Put simply, we’re two very unworthy daughters of a merciful Heavenly Father, saved by grace, walking by faith, and seeking to live and proclaim the beauty of His vision for His daughters.
Our passion is to explore the question: Where do young Christian women, especially the unmarried, fit into the Body of Christ? What role are we called to play in advancing the Kingdom of God? And how is that different from the mainstream path that Christian young women are usually pressured into?
The fire burning in our souls is to communicate the full depth and breadth of the womanhood of the Bible – the disciple-making, counsel-giving, profit-earning, church-serving, gift-exercising, knowledge-seeking, hospitality-giving, poor-and-needy-helping, initiative-taking, truth-proclaiming, nations-evangelizing femininity we see praised from Genesis to Revelation.
Some, including Time Magazine, Christianity Today, and Jezebel.com, have called us leaders of the “stay-at-home-daughter” movement, but that’s not actually what our message has ever been all about.

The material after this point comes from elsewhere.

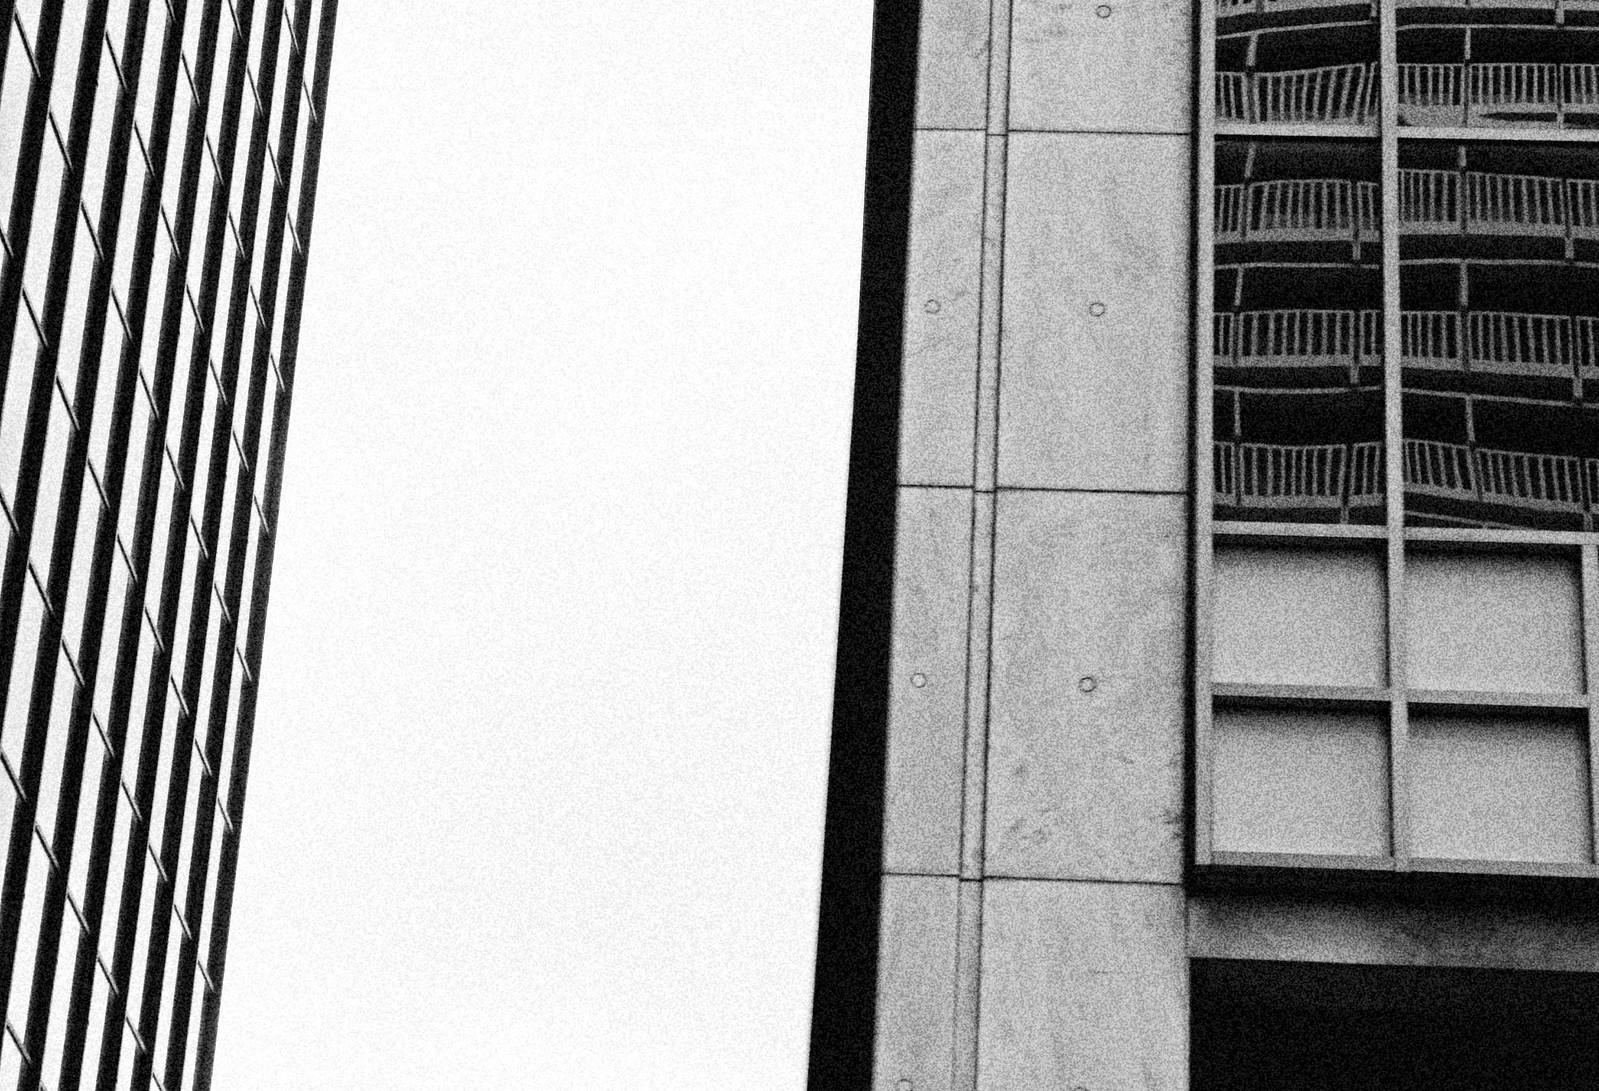 Reflected Windows, Downtown Atlanta

Our message is fundamentally about the identity and purpose women were created to have in Christ, and the role that Christian women were created to play in family, church, state, society, commerce, and culture.
Our first glimpses of Scripture’s counter-cultural vision inspired us to write So Much More: The Remarkable Influence of Visionary Daughters on the Kingdom of God in 2005, at the tender ages of 17 and 19 (and our youth and inexperience certainly show); to launch this website (originally under the name “Visionary Daughters”) as a place to continue our studies and writings on biblical single womanhood in 2006; and to produce our developing ideas in documentary form in “Return of the Daughters” in 2007. In 2011, we wrote and published another book, It’s (Not That) Complicated: How to Relate to Guys in a Healthy, Sane, and Biblical Way, and in 2013, we produced the Reclaiming Beauty Webinar and consequent Study Course.
Our obviously sporadic output is thanks to our frequent decisions to pull back from writing and speaking altogether to focus on growing theologically, spiritually, and in ability in handling the word of truth – as well as to focus on really living the message we’re trying to preach.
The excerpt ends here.